The real-world effects of this film bolster elite power; they do not challenge it. Black identity is central to the film and has been embraced by black viewers, but it is ultimately just a Disney product. The result is not a black homeland, but cheap plastic masks made in China and Disneyland attractions that black children in Oakland can’t afford to visit. There is no Wakanda, no Afrofuturist homeland, just a massive exercise in boosting black self-esteem funded and produced by one of the world’s most powerful corporations.
The real message of the film is that, as with the political careers of Keith Ellison and Malcolm X, “black nationalism” poses no real threat to the existing system. White identity, by contrast, is an existential threat.
At the end of T’Challa’s speech at the United Nations, a white UN delegate asks what a nation of farmers has to teach the world. The point of the scene is clearly to rebuke whites who dismiss Africa as backward. Evidently, we are to base our real-world views of the continent on the basis of Wakandan fantasies. The actor who played King T’Chaka has made the extraordinary claim that the film “proves” Africa would be a technological wonderland were it not for colonization.
It would be easy to laugh, except that a professor at the Naval War College makes similar claims. In reality, Africa gained more from colonization than it lost. In any event, Africa will probably always be colonized; it is being re-colonized by China today.

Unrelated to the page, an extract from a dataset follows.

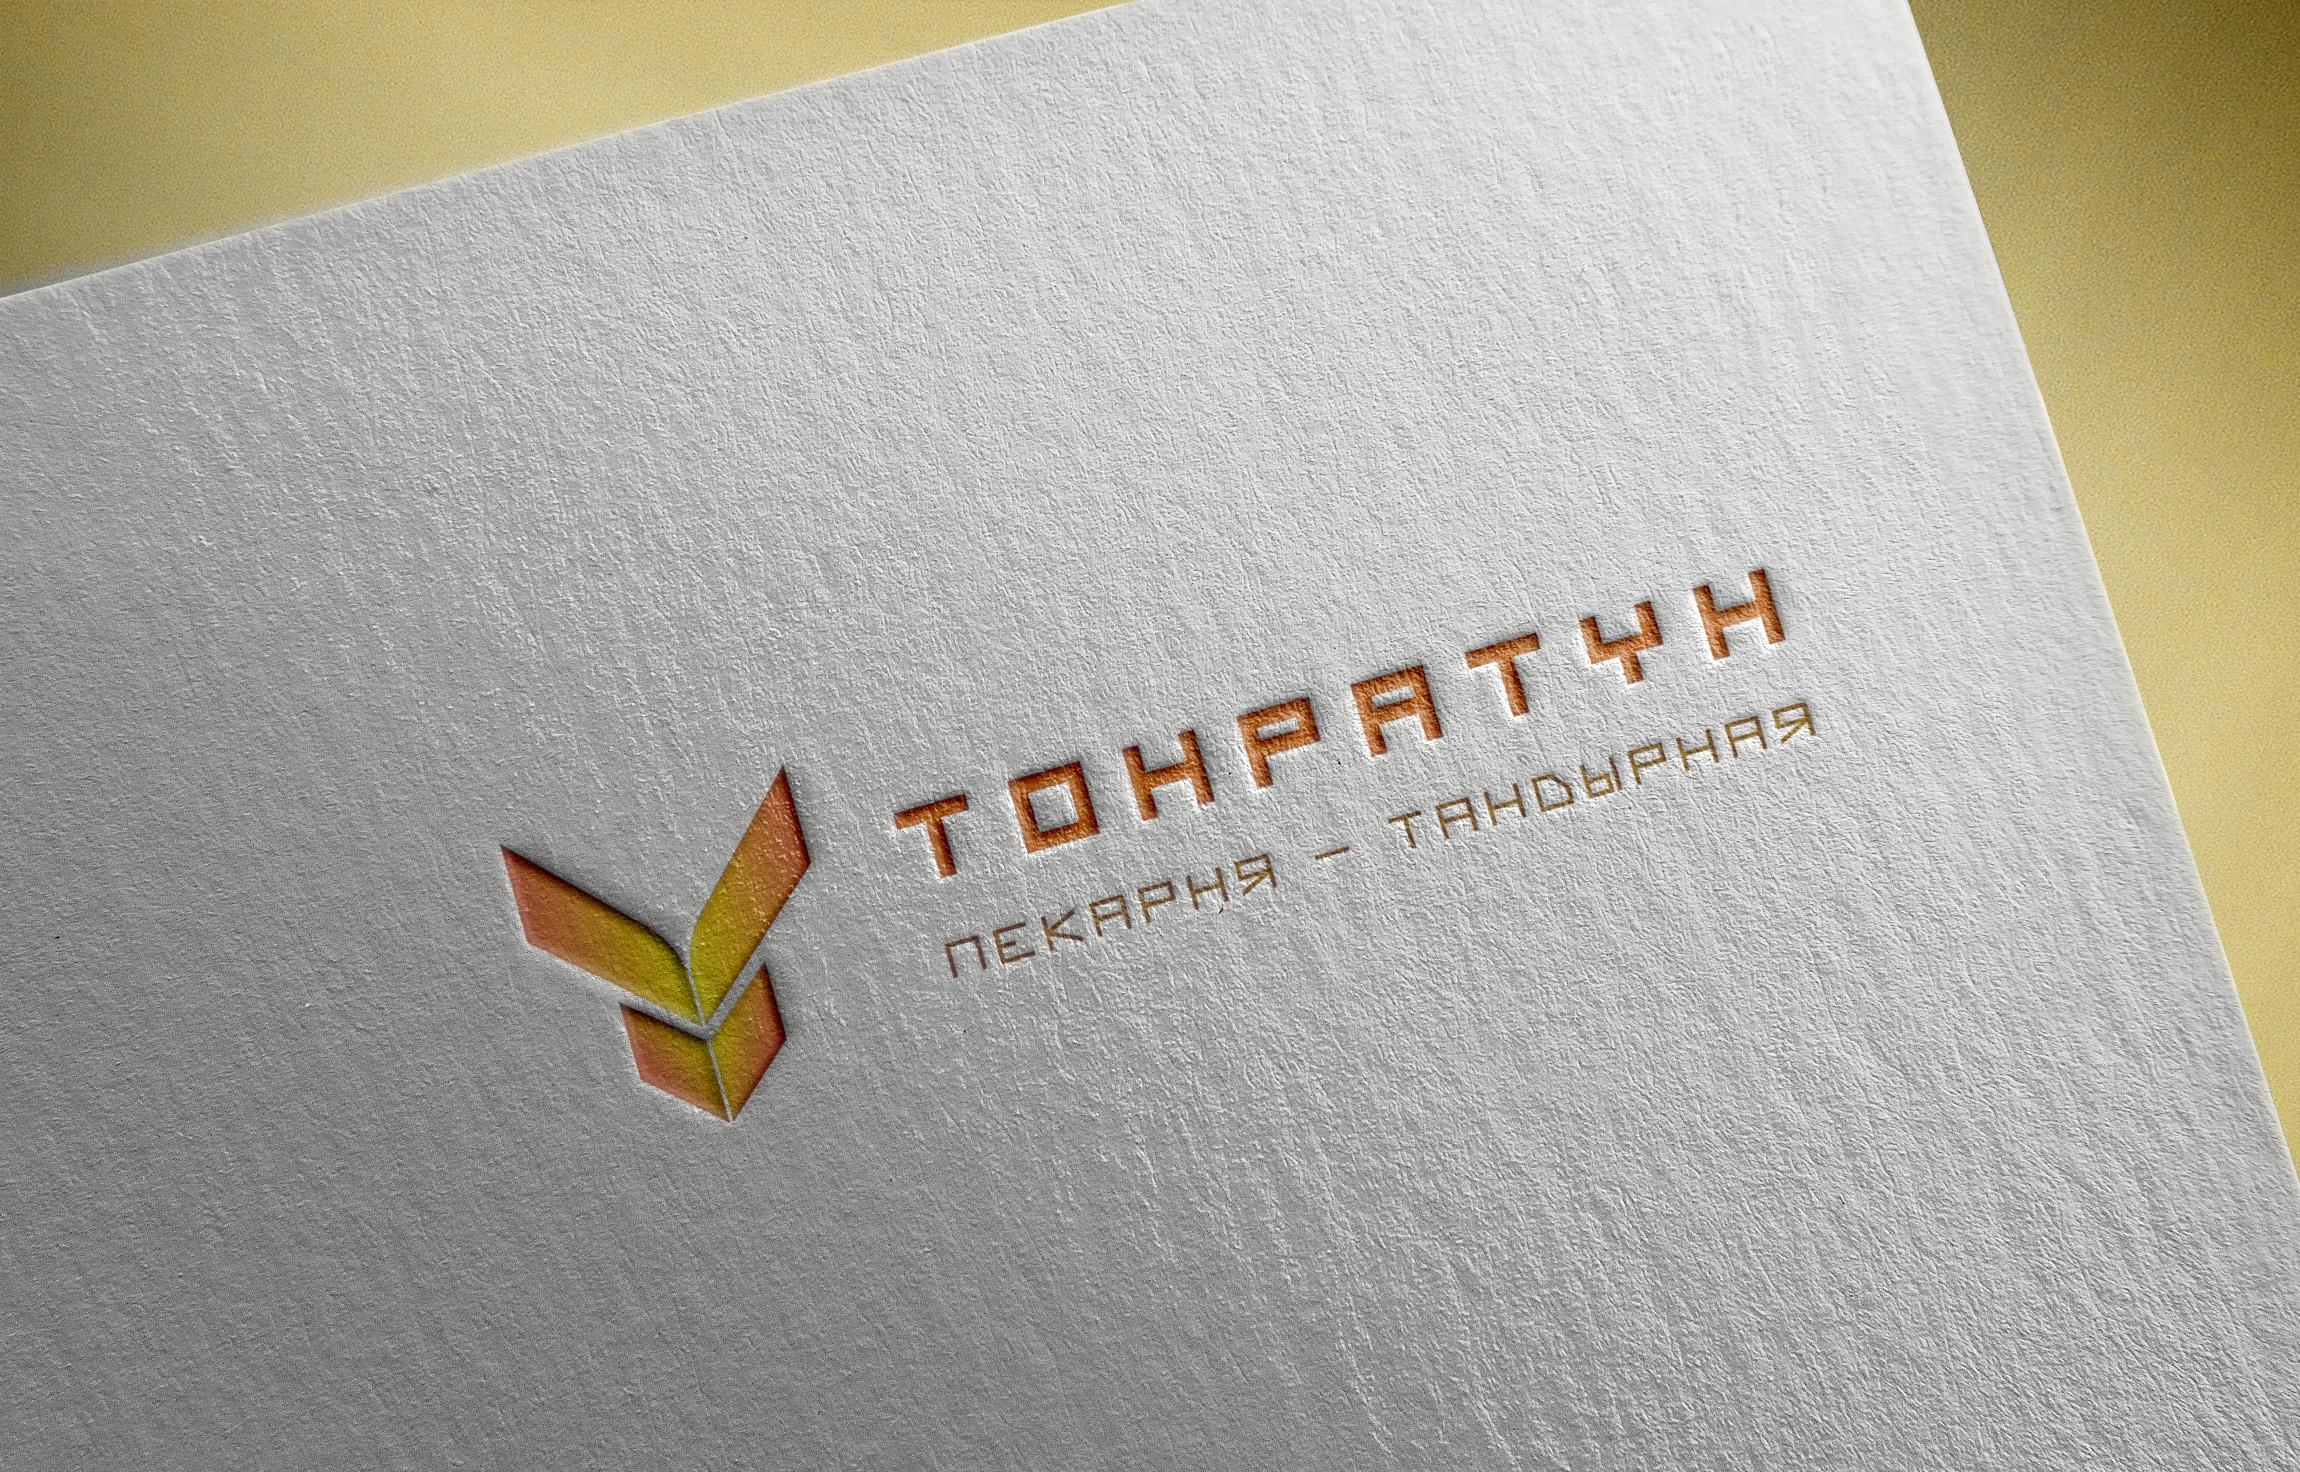 Логотип для Пекарни-Тандырной  фото f_0085d8f46824d47e.jpg

The mainstream media celebrating Black Panther as a crushing answer to past European colonization are largely indifferent to China’s penetration today.
Wakanda is filling blacks around the world with pride. White advocates shouldn’t begrudge them this. Do we not want the same for our own people? But Black Panther mixes its positive vision with resentment, with the all-but-explicit message that the only reason blacks have not created utopia is because racist whites stand in the way. It also ignores the unedifying reality of black ethnostates and black royalty that actually exist.
What’s more, Wakanda has set in motion its own demise, as it has taken upon itself the challenge of creating global equality. This challenge has all but broken the Western world, and has inspired hatred rather than gratitude. Will the Wakanda of the comics or future films meet with more success? We can suspend disbelief when it comes to vibranium, superhumans, and Afrofuturism, but it’s too much for Marvel to ask us to believe equality and racial peace will be achieved by setting up a welfare office in Oakland.